A 1,400 Percent Markup at Lucille Roberts' Woolworth Mansion [Updated: Paula Explains the Record Ask]

4 east 80th A 1,400 Percent Markup at Lucille Roberts' Woolworth Mansion [Updated: Paula Explains the Record Ask]If the mansions of Aby Rosen or J. Christopher Flowers do not offer the rich and fabulous enough of an opportunity to make a statement–they are asking $50 million and $40 million, respectively–how about a Gothic limestone castlette asking as much as both combined?

Brown Harris Stevens’ Paula Del Nunzio has just brought to market Lucille Roberts’ old mansion for $90 million, The Times reports. The workout queen, who died in 2003 after building an empire of womens-only gyms, bought the 35-foot-wide home for $6 million in 1995 from an exercise club that barred the fairer sex.

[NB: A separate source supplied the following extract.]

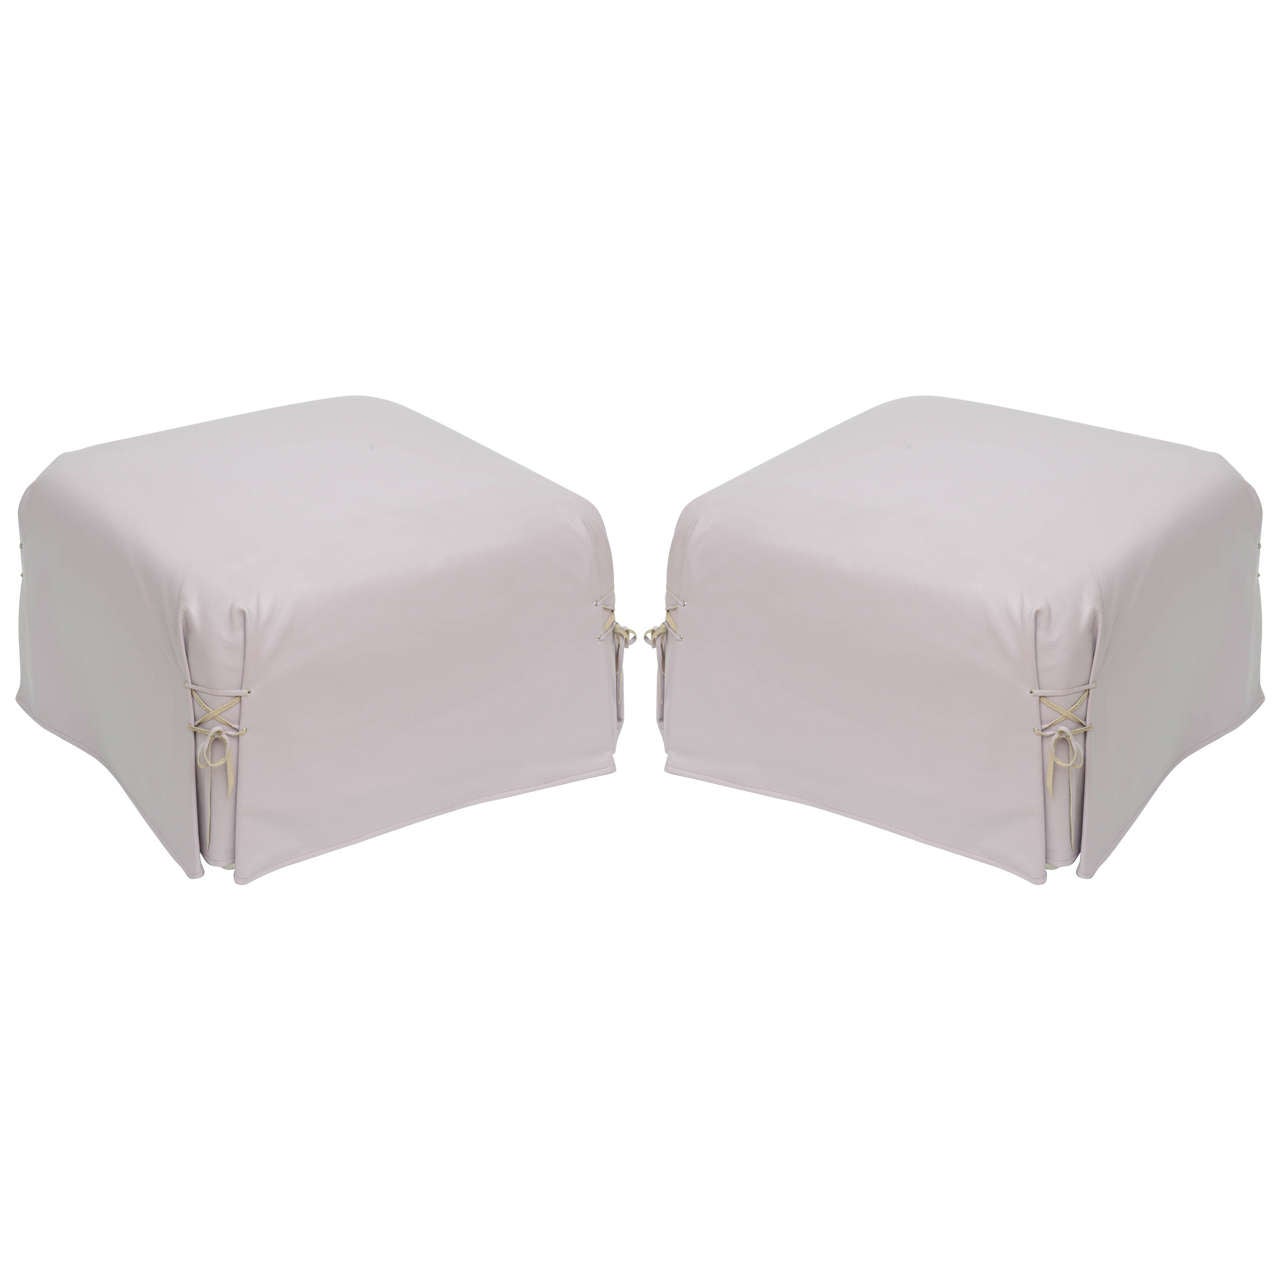 Pair of Lavender Leather Shoelace Ottomans by John Saladino

That is quite the price jump, even if the townhouse market has rebounded nicely. Consider that it is a 70 percent premium over Flowers’ record-breaking $53 million purchase, a bold, even bonkers, price. Perhaps the sellers, Roberts’ family, are short of breath from all that exercise.

According to The Times, 4 East 80th Street is sandwiched between two other massive homes–this one covers 18,000-square-feet–built by dime-store magnate Frank Winfield Woolworth. It is a doosy: “The seven-floor house with elevator includes a paneled library the width of the structure; a formal dining room that can seat 50; a parlor floor with 14-foot-high ceilings; 10 bedrooms, 11 and a half bathrooms; and 3 kitchens.”

For those looking for a lighter workout, the home can also be rented for a mere $210,000 a month.

UPDATE, 2:38 Paula Del Nunzio called The Observer to explain such a high asking price. “A critical point to note is that 4 East 75th Street is the first renovated mansion to be officially on the market,” she said. “Whereas all the other mansions that are on the market require a great deal of work, so that explains the different numbers.” She added that such a large home could take years to renovate, and there is the matter of finding lodging in the meantime, so a move-in ready mansion really is a rare thing that demands a premium.